Analysis of heat transfer and fluid flow during the melting process of PCM within tubular thermal energy storage unit

In the present paper, a numerical and experimental study is implemented to analyze the melting behavior of a Latent Heat Thermal Energy Storage System (LHTES) in a horizontal cylinder with using paraffin 27 as the Phase Change Materials (PCM). By varying the internal diameter and wall temperature of the horizontal cylinder, the liquid fraction and mean heat transfer coefficient are adopted to evaluate the effect of Stefan number (Ste) and Grashof number (Gr) on the phase change process of PCM. The results indicate that both the effect of wall temperature and internal diameter on the melting process is significant.

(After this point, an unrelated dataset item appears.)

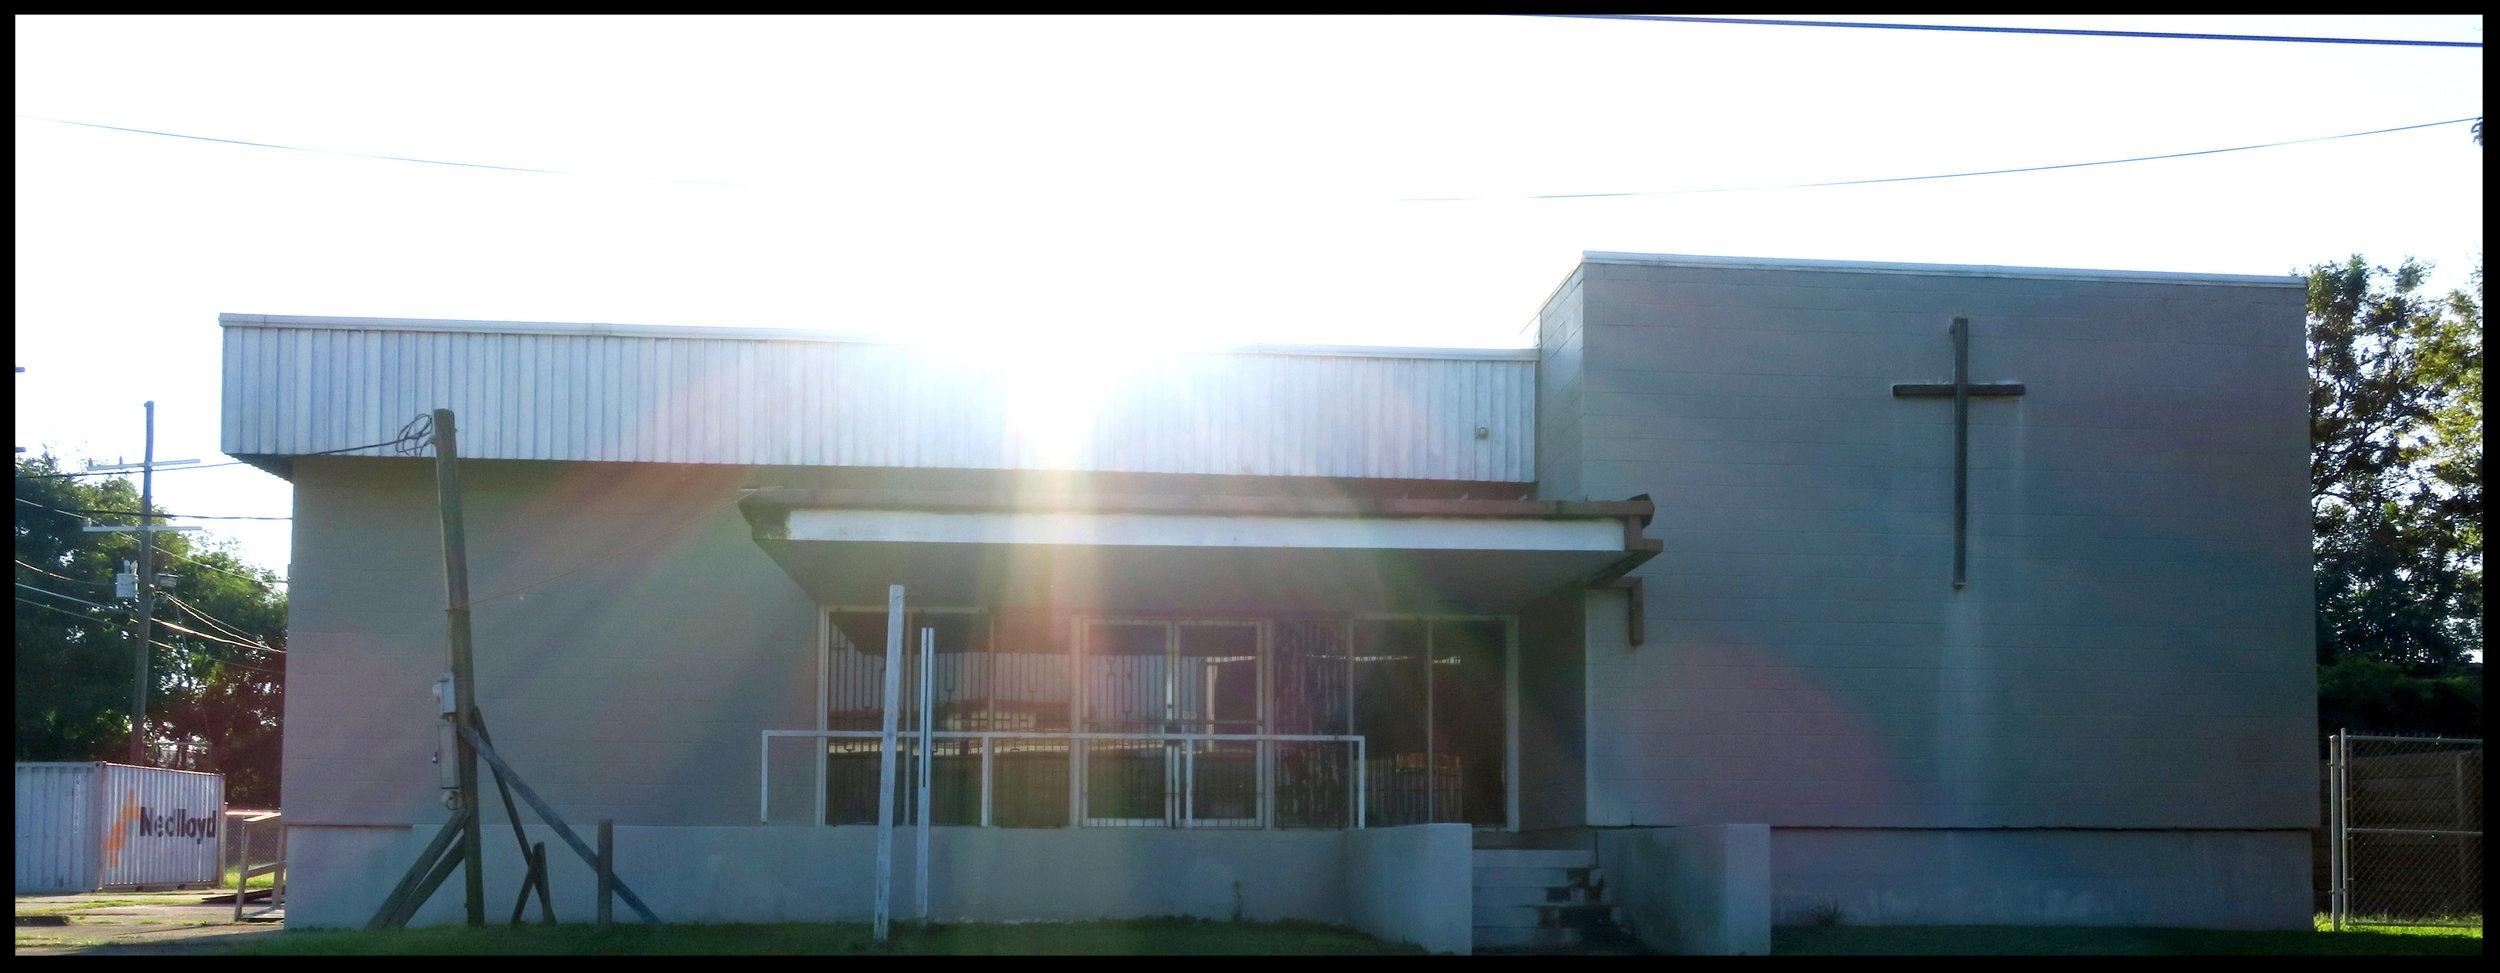 The HEM building on Marais St., front

Furthermore., the dimensionless analysis results show that the heat flux decreases monotonically during the whole melting period when Ste number less than 0.093, this means that the natural convection cannot significantly promote the melting process of PCM. It is found that increasing the Grashof number from 2.28 x 104 to 1.54 x 105 with a constant Stefan number enhances the heat transfer, also for a constant Grashof number the PCM melts at a faster melting rate when the Stefan number increases from 0.046 to 0.313. Besides, with the Gr number increasing by 97 % and 238 % while the Ste number stays constant, the melting rate with respect to the dimensionless time (Ste center dot Fo) is increased by 19 % and 31 %; by contrast, with the Ste number increasing by 73 % and 239 % while the Gr number stays constant, the melting period is decreased by 50 % and 76 %. Finally, correlations for the melt fraction and Nusselt number (Nu) with a combination of the Fourier, Grashof and Stefan numbers are developed for designing the LHTES appropriately.